Investment Property Loan for the Son:
Since he has a green card, the son qualifies for more conventional financing options. As such, he could buy the property as an investment if he is eligible based on income and credit.
Hard Money Loan:
Another option is for the son to purchase it as an investment property. With hard money loans, short-term funds are lent out primarily based on collateral value, unlike traditional bank lending requirements, which focus heavily on borrower creditworthiness. These loans also often come with higher interest rates and fees but are generally easier to qualify for.
DSCR (Debt Service Coverage Ratio) Loan:
This may work well for him if rental income is generated from this property. DSCR loans look at whether or not there’s enough income coming in from a rental unit(s) rather than personal earnings when determining qualification amounts. Here, what matters most is that one demonstrates how much they expect to earn in rent against their monthly mortgage payment and other costs associated with owning such real estate investments.
Bank Statement Loans:
Your client or his son might want to consider bank statement loan programs if either is self-employed or receives substantial cash flows into business accounts under their control during any 12 months. Bank statement mortgage loan products use personal bank statements instead of tax returns to verify income reported by borrowers. Borrowers may have lower levels due to write-offs against gross receipts from self-employment activities carried out each month over time.
Foreign National Loans:
Despite having been here for two decades already, lenders may still treat your client as though she were an alien with no green card. If so, foreign national loan products are available for people like her who lack US citizenship status or SSNs but have valid ITINs.

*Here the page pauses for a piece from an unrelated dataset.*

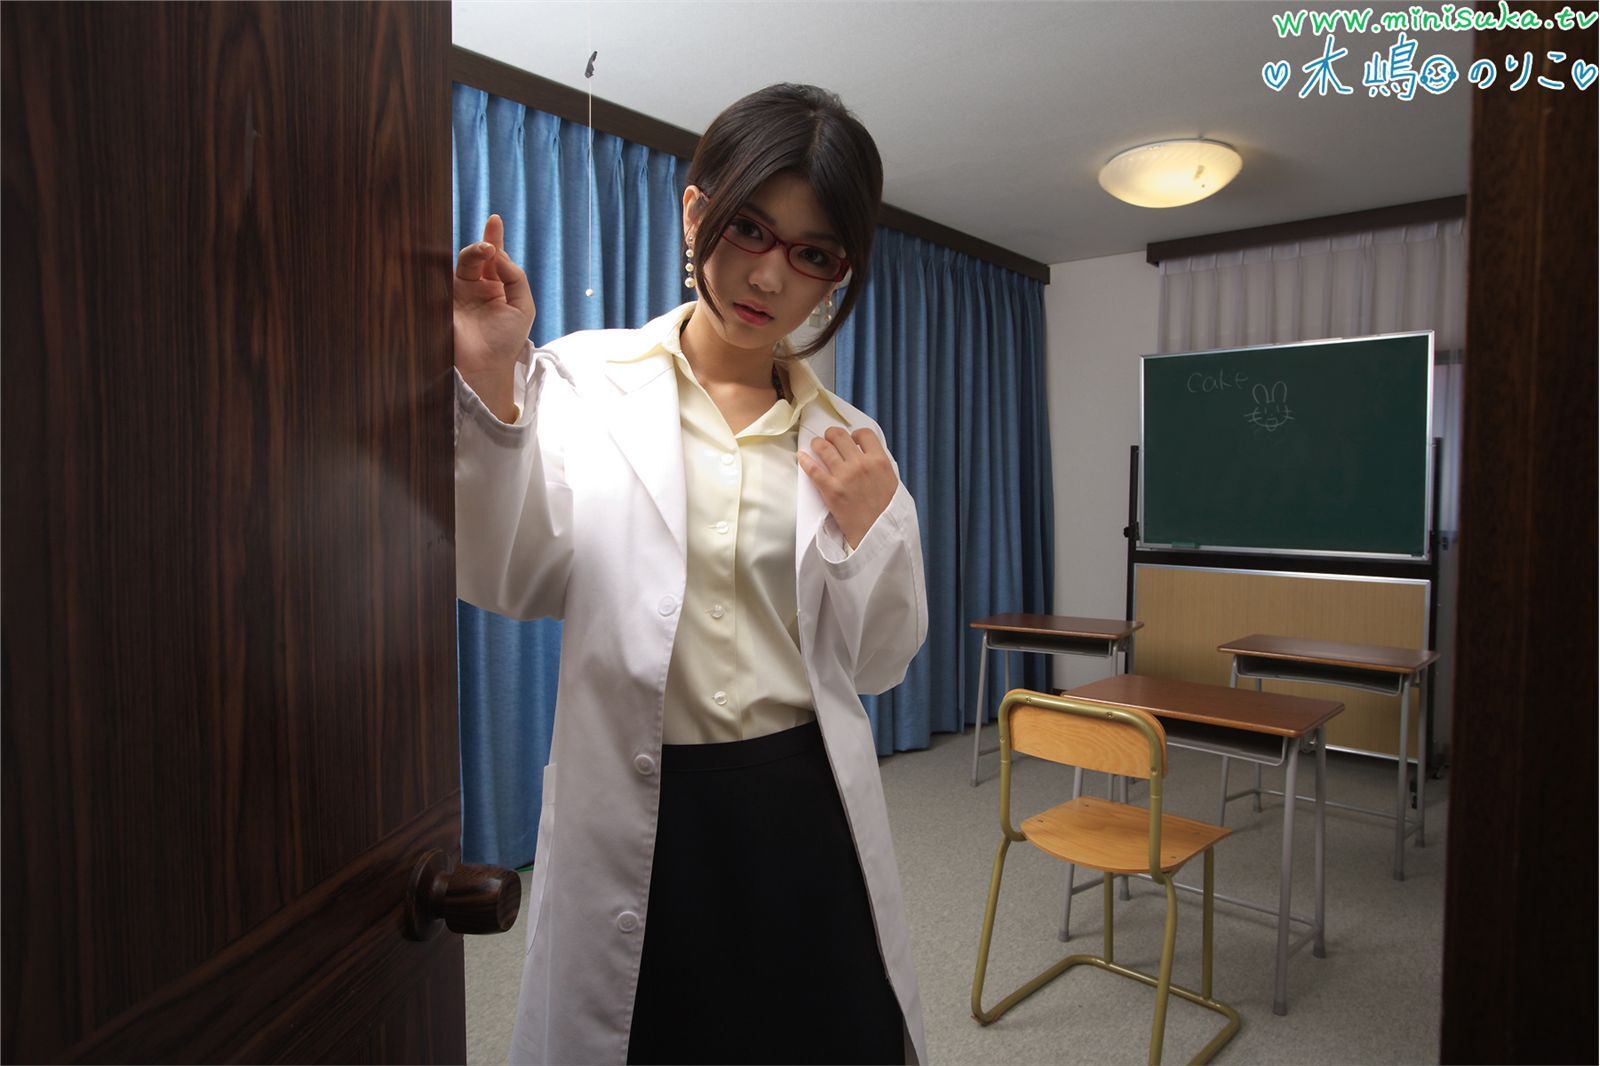 木嶋のりこ [Minisuka.tv] 现役女子高生 Noriko Kijima 6  日本高清MM

Regarding Gustan Cho Associates:
Considering their specialization in nontraditional and alternative financing options. Gustan Cho Associates could be a great resource during this process by providing information about such programs and potentially connecting clients with lenders who offer unique products that match their needs, given their current situation.
Recommendations:
If he has been filing taxes with an ITIN number, we should look into ITIN loan options for your client. The son should purchase the property as an investment, using a DSCR loan if it can generate rental income. If either of them has strong cash flow in their business accounts, then bank statement loans might work for you guys. You should consult specialists within alternative financings, such as Gustan Cho Associates, so that all possible avenues can be explored.
Consider seeking legal advice to ensure compliance with relevant laws and regulations, especially considering his immigration status. Remember that each option will come with different requirements, benefits, and drawbacks, so take time to compare rates/terms before making any decision.